The distribution of the data is both zero-inflated and powerfully right skewed. About half of the kids did not touch the gun at all, much less pull its trigger. Among the minority of kids that did pull the trigger, they pulled it many times. This is a noisy outcome, and difficult to model: you would need a zero-inflated negative binomial regression with cluster-adjusted variances. The authors present a negative binomial regression with cluster-adjusted variances, ignoring the zero-inflation, which is fine enough by me since I can't figure out how to do all that at once either.

Self-other trigger pulls outcome. The pair in red were excluded because the coders commented that they were acting unusually wild. The pair in green were excluded for having too high a score on the outcomes.

Noisy data affords many opportunities for subjectivity. The authors report: "We eliminated 1 pair who was more than 5 SDs from the mean for both time spent holding a handgun and trigger pulls [green pair]. The coders also recommended eliminating another pair because of unusual and extremely aggressive behavior [red pair]." The CONSORT flow diagram reveals that these four excluded subjects with very high scores on the dependent variables were all from the nonviolent control condition, in which participants were expected to spend the least time holding the gun and pulling its trigger.

The authors tell me that the pair eliminated because of unusual and extremely aggressive behavior was made on the coders' recommendation, blind to condition.
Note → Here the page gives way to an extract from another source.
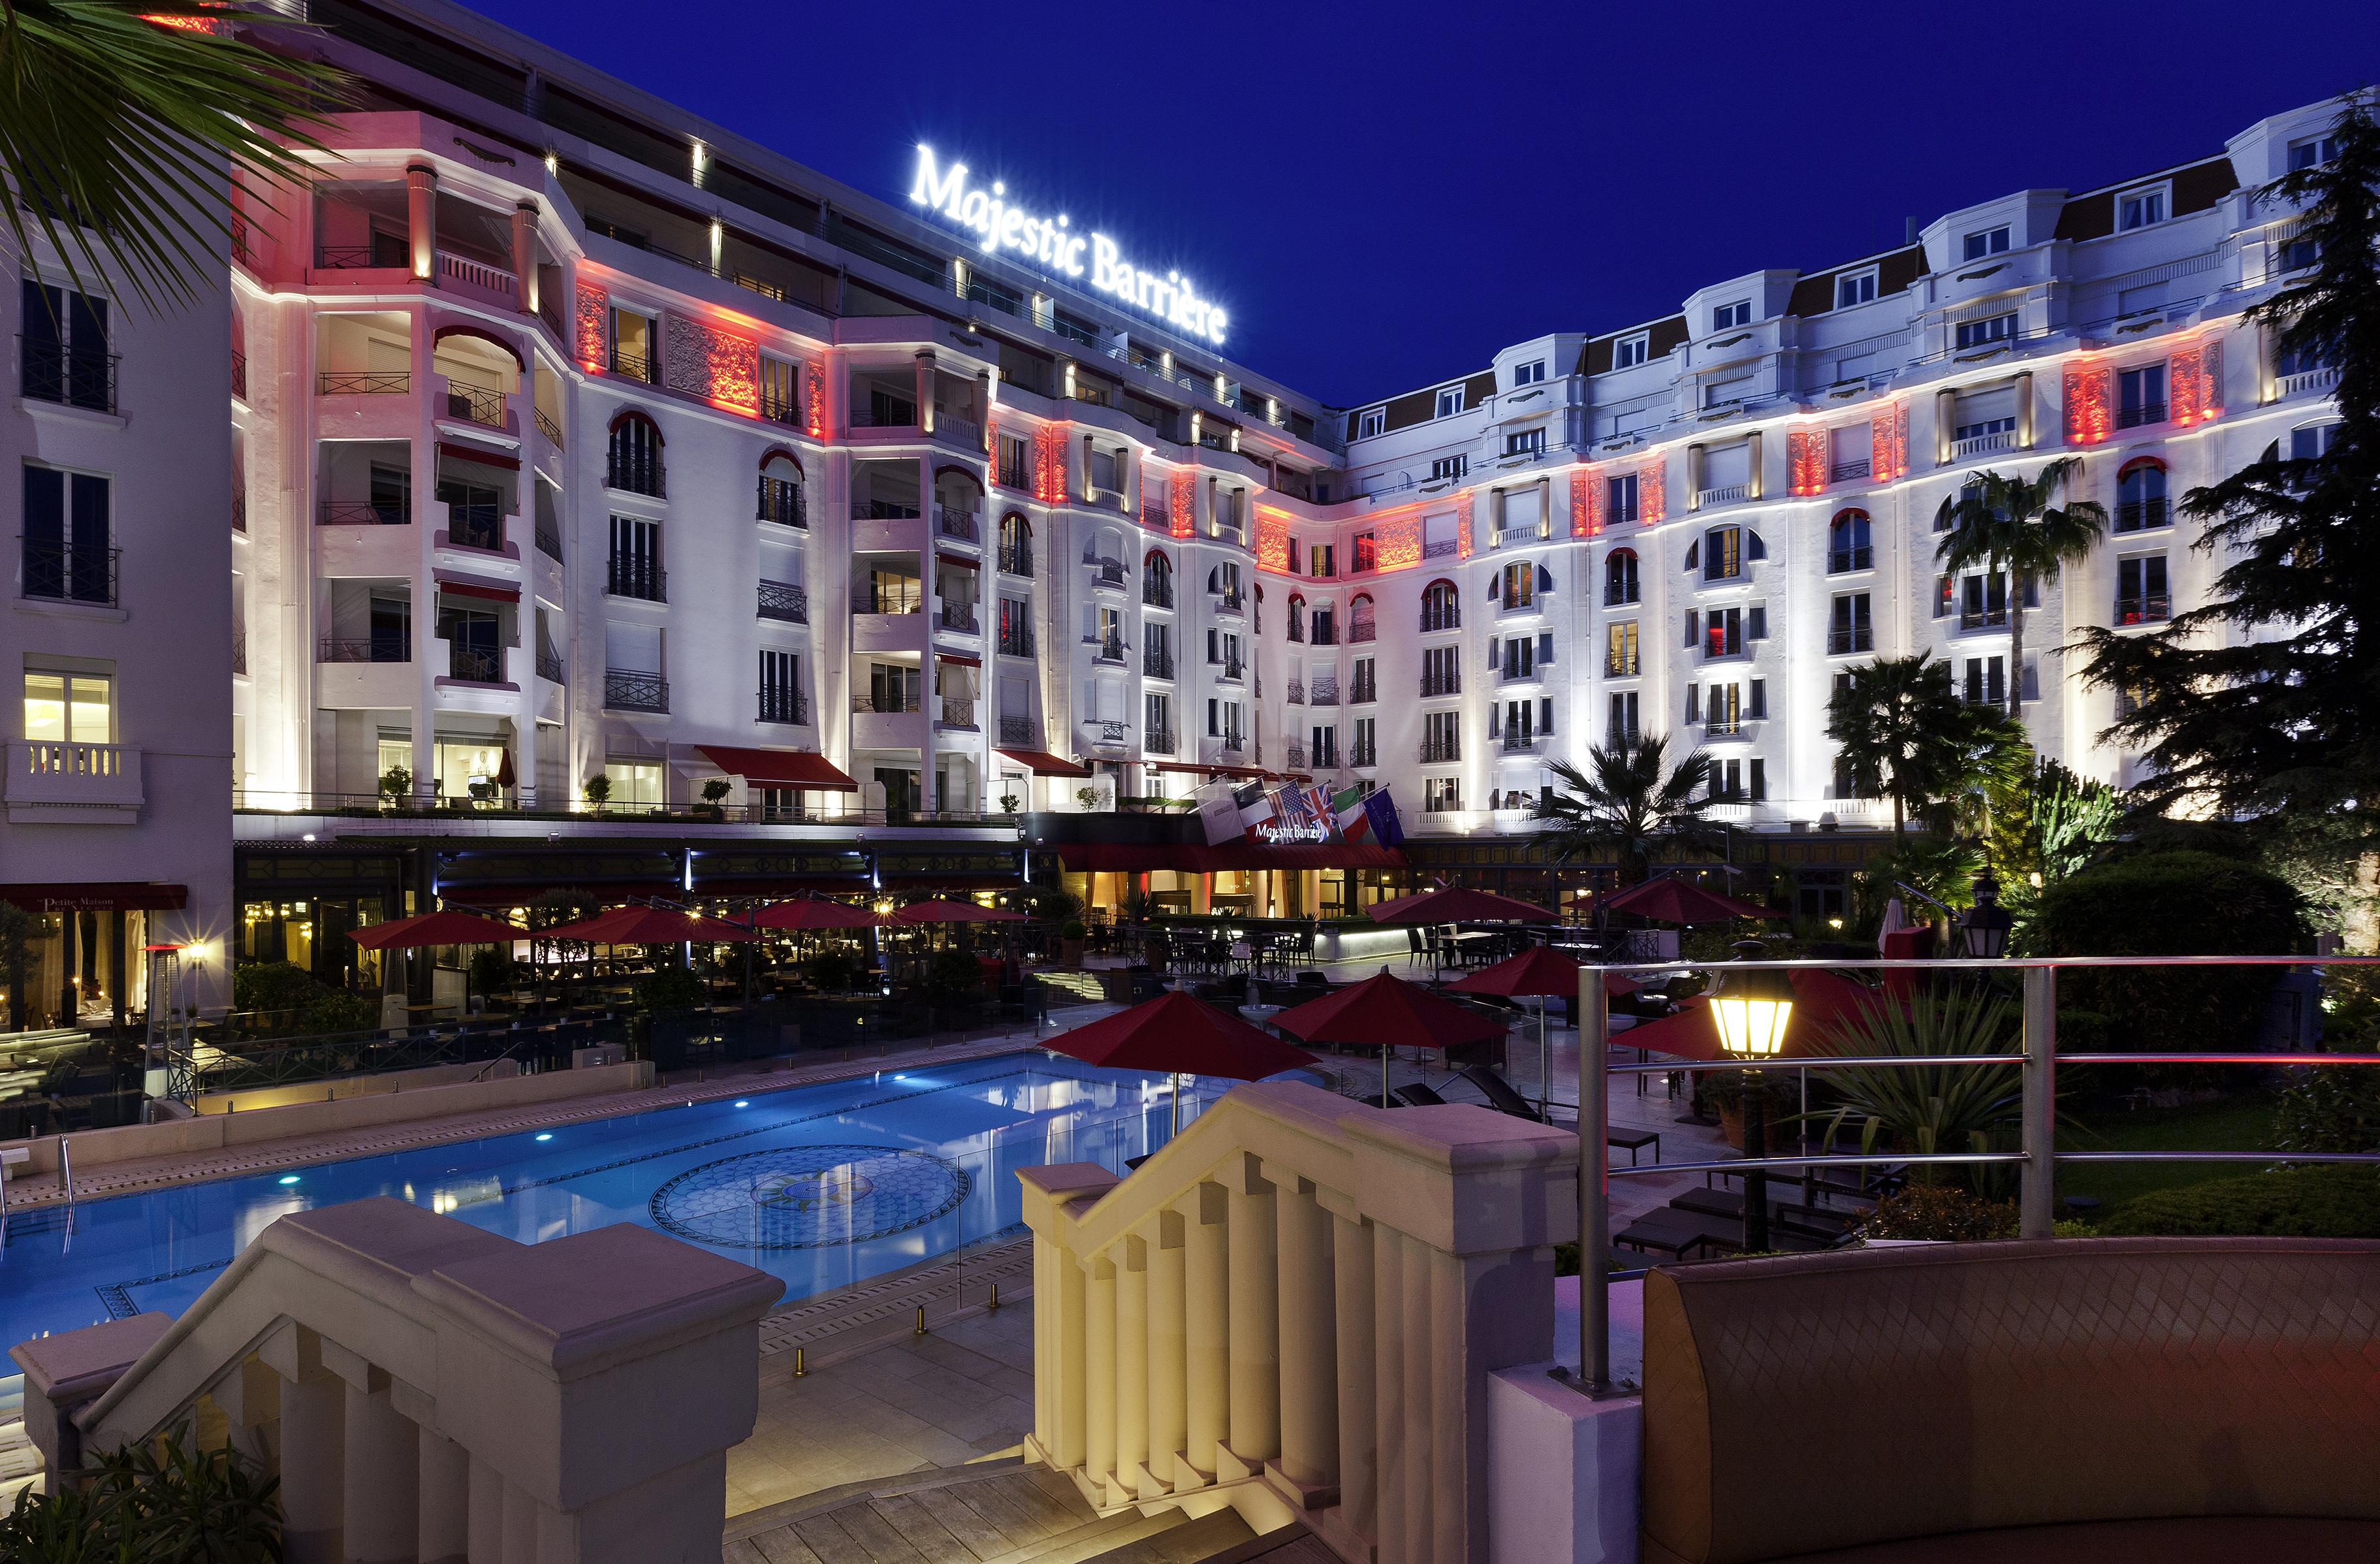 Les h tels majestic barri re et gray d albion barri re for Hotels barriere

That may be true, but the registration is generally rather vague and says nothing about excluding participants on coder recommendation.

The authors also tell me that the pair eliminated because of high scores were eliminated without looking at the results. That may be true as well, but I feel as though one could predict how this exclusion might affect the results.
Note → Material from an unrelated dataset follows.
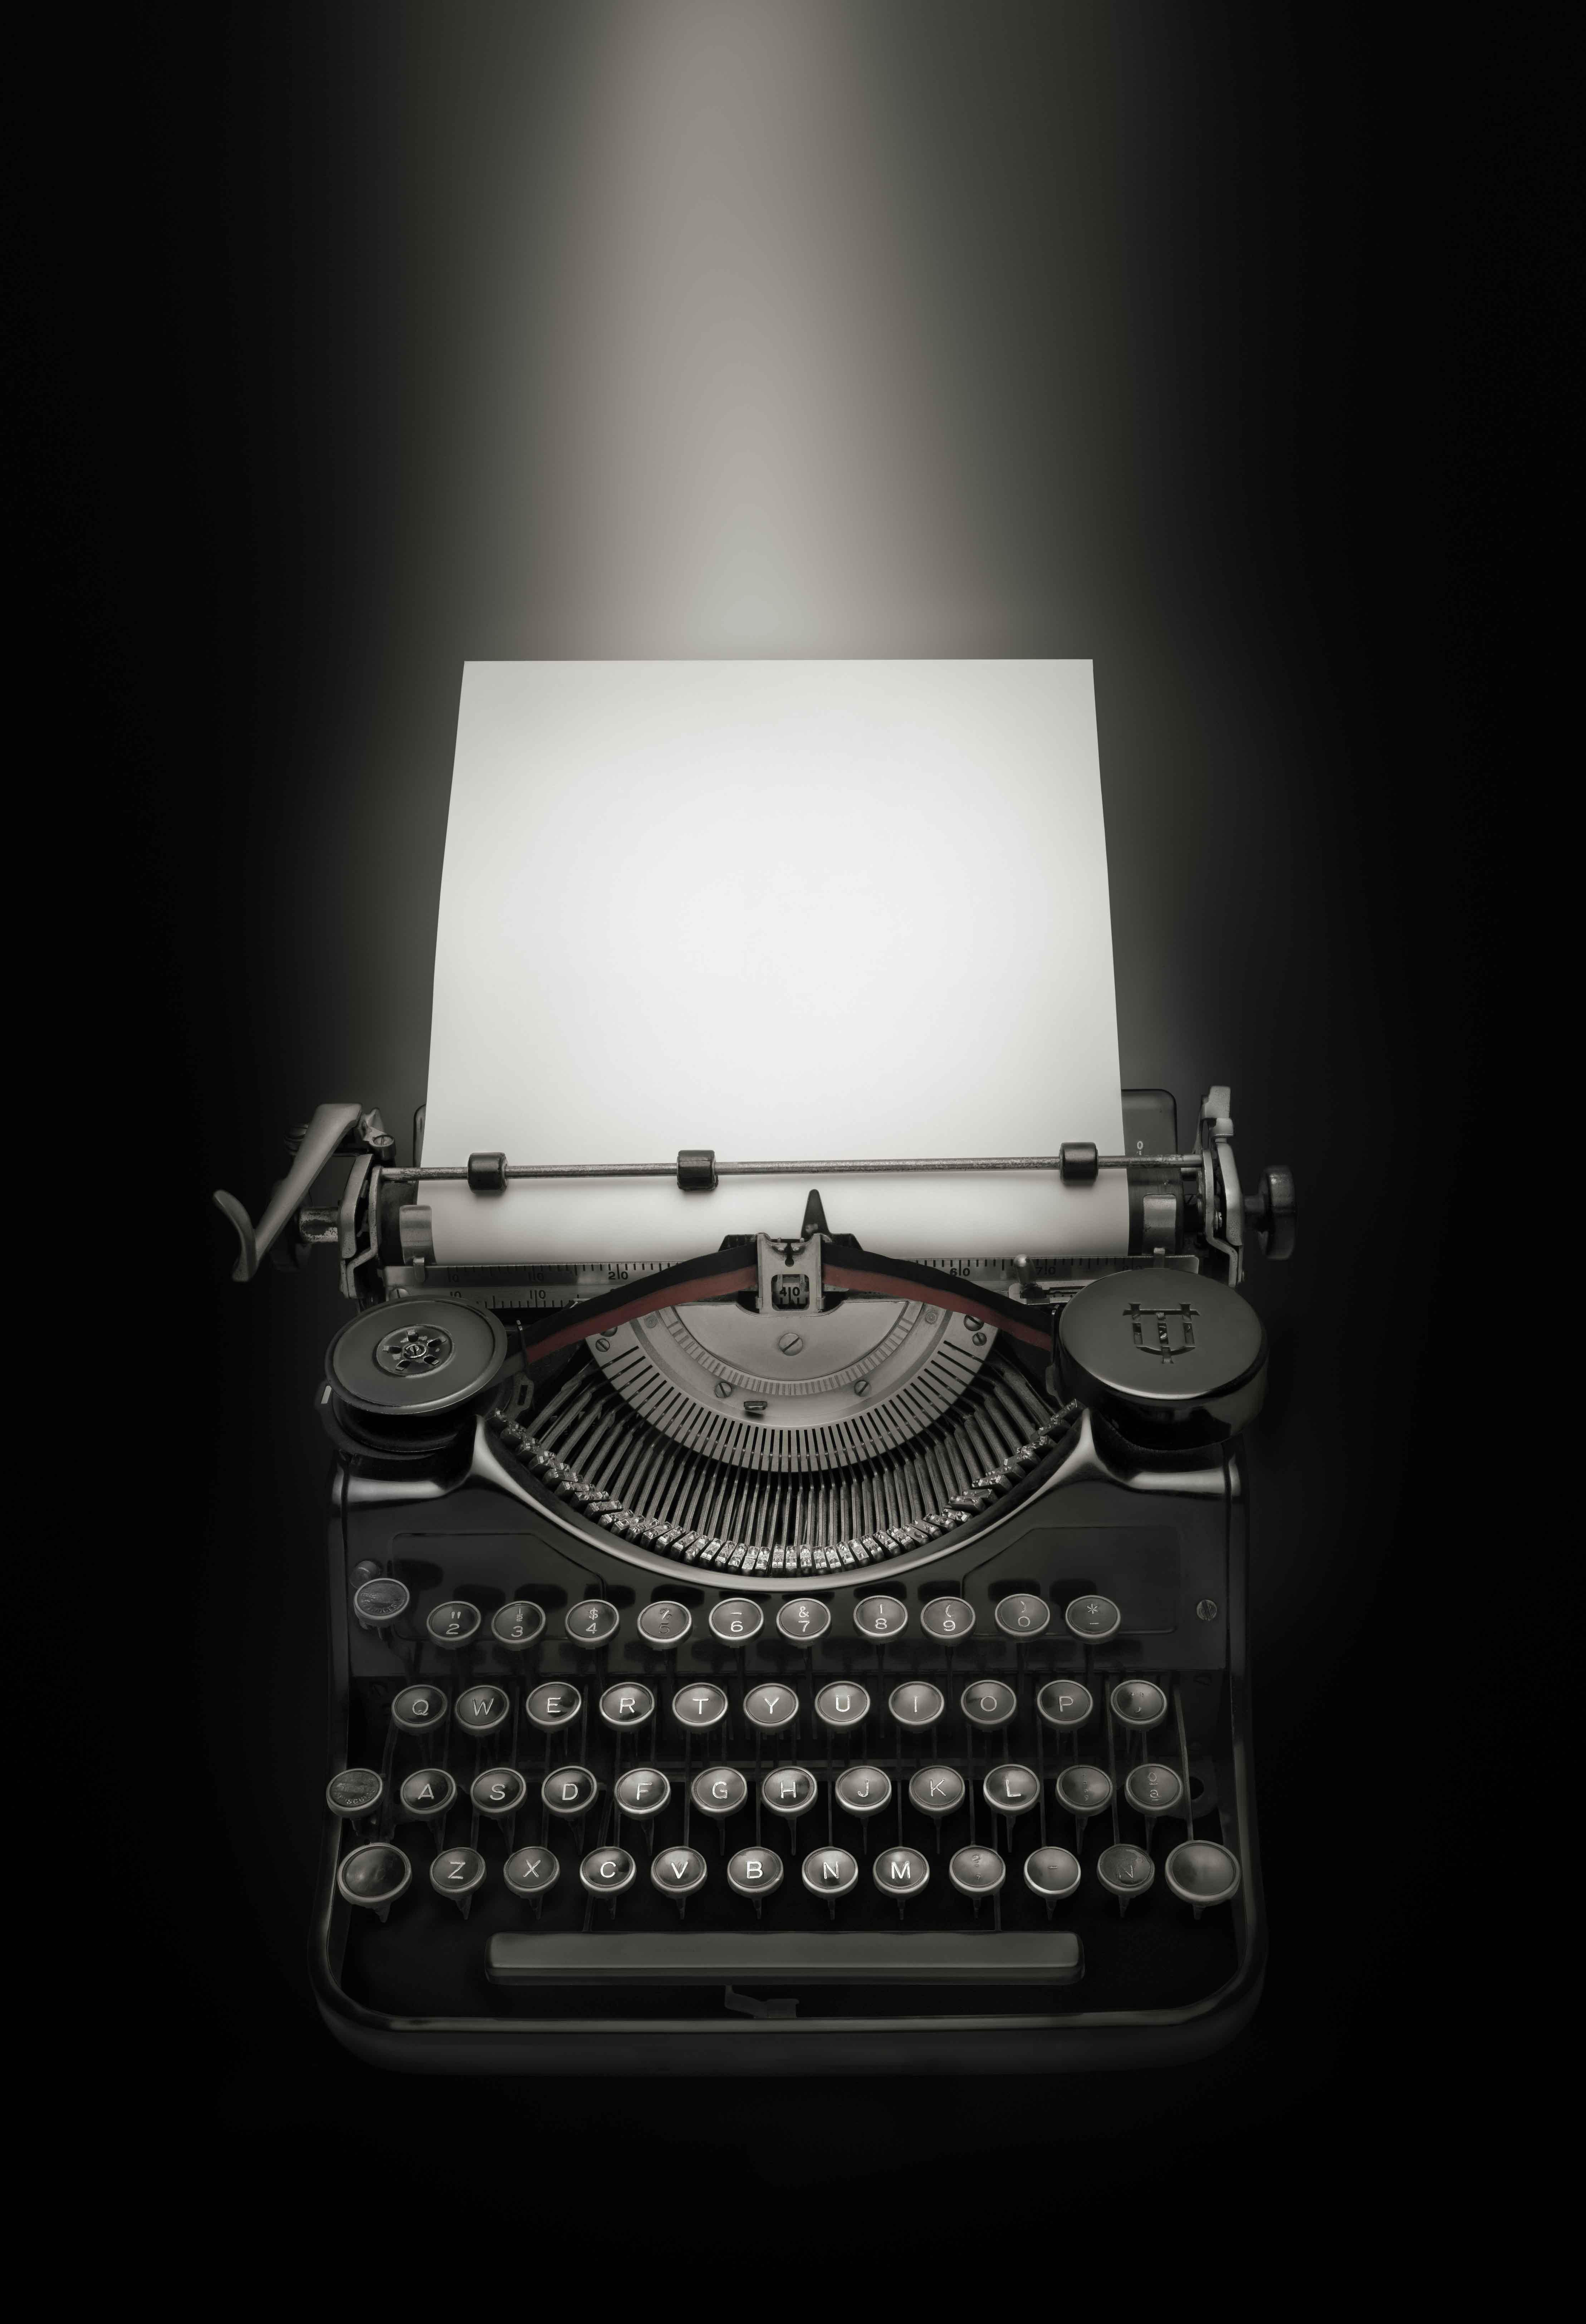 Vintage typewriter against black background

This latter exclusion of the high-scoring pair is not acceptable to me. You can consider this decision in two ways: First, you can see that there are scores still more extreme in the other two conditions. With data this zero-inflated and skewed, it is no great feat to be more than 5 SDs from the mean. Second, you can look at the model diagnostics. The excluded outliers are not "outliers" in any model influence sense -- their Cook's distances are less than 0.2. (Thresholds of 0.5 or 1.0 are often suggested for Cook's distance.)

Here are the nonzero values in log space, which is where the model fits the negative binomial. On a log scale, the discarded data points still do not look at all like outliers to me.

Revised results

If the high-scoring pair is retained for analysis, none of the results are statistically significant:

Touching the gun: omnibus F(2, 79.5) = 1.04, p = .359; gun-vs-control contrast p = .148.
Time holding gun: omnibus F(2, 79.5) = .688, p = .506; gun-vs-control contrast p = .278.
Trigger pulls at self or other: omnibus F(2, 79.4) = 1.80, p = .172; gun-vs-control contrast p = .098.

From here, adding the coder-suggested pair to the analysis moves the results further still from statistical significance.

If you're worried about the influence of the zero inflation and the long tail, a simpler way to look at the data might be to ask "is the trigger pulled at all while the gun is pointed at somebody?" After all, the difference between not being shot and being shot once is a big deal; the difference between being shot four times and being shot five times less so. Think of this as winsorizing all the values in the tail to 1. Then you could just fit a logistic regression and not have to worry about influence.

Analyzed this way, there are 6 events in the control group, 10 in the sword-game group, and 13 in the gun-game group. The authors excluded four of these six control-group events as outliers. With these exclusions, there is a statistically significant effect, p = .029. If you return either pair to the control group, the effect is not statistically significant, p = .098. If you return both pairs to the control group, the effect is not statistically significant, p = .221.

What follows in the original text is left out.